Despite the fact that DN has the documentation that shows that Mark Bishop has given Thomas Eye commission to sell Koenigsegg shares, he is denying today that he knows the Norwegian finance acrobat. Or that he has any shares to sell.

– I am neither a shareholder or board member of the Koenigsegg. I have no shares, “said Bishop.

– We know that Thomas Eye is trying to sell your stocks?

– It is impossible – when I do not have any share, The only ones that represent Koenigsegg Group, is Carnegie, “says Bishop.

Thomas Eye confirms that he has received an assignment of the former owner.

– Mark Bishop has asked me to find a buyer for his shares, “said Thomas Eye.

Who’s fooling who?

Carnegie-chief Anders Onarheim has also heard that someone is trying to dump the Koenigsegg shares – while Carnegie tries to get the company $ 100 million in fresh money.

– We have heard the same thing, but it does not relate to us. We have looked at the Saab case and find it exciting, and so we try to see if we can help it.

– It’s not so easy to sell shares if someone else tries to sell to a much lower price at the same time?

– That may be so, but here there is a question of what they actually have to sell. We have noticed that there is some things going on, but we do not care about it, “said Onarheim.

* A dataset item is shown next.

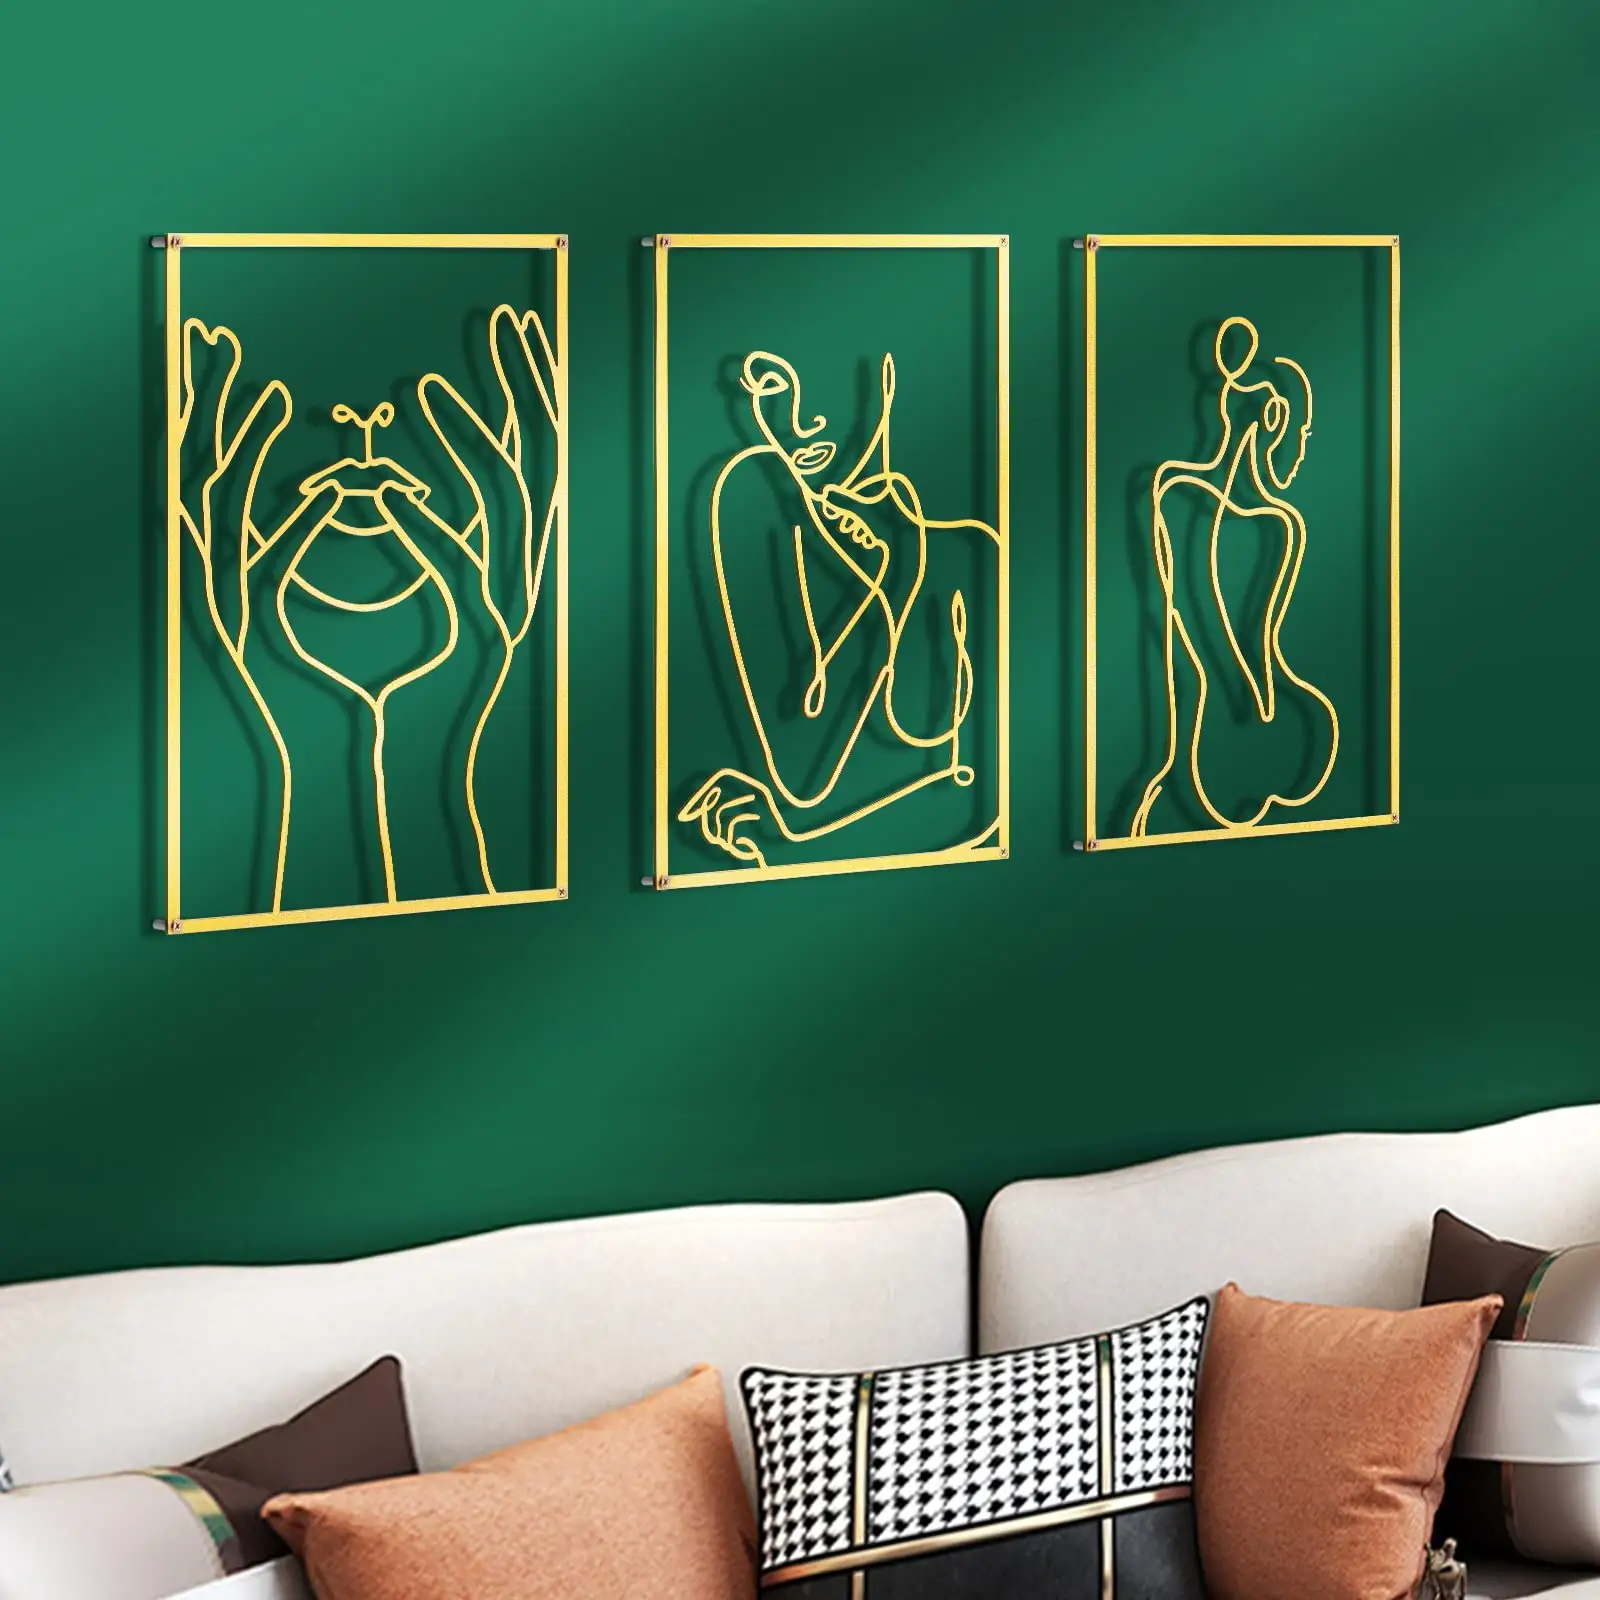 Wall Decor Large Interior Bedroom Living Room Abstract Hanging Metal Modern Gold Luxury Body Art Decorative Home Wall Decor

Who’s fooling who? Who owns the shares that Mark Bishop and Thomas Øye travels around the world to sell? Who is behind the backs of whom, who fronts what and who meets himself in the door?

Drops the funding

Koenigsegg management has now informed the Swedish government about the wild games around Koenigsegg shares. Bard Eker said that they also have stopped the planned Carnegie funding.

– This is an open wound, we must treat. We must eventually address the issue of additional funding later. We have also been contacted by someone who is very serious. So it’s not just grief, “says Eker.

In the middle of next week can Mark Bishop’s initial vision to save Saab be reality. Or in the worst case, both Koenigsegg Group and the Saab be history.

Koenigsegg Group has decided to fight for ownership of Saab just five days.

– If not everything is in place by Wednesday 30 September, we are out. Then we withdraw, “says Eker.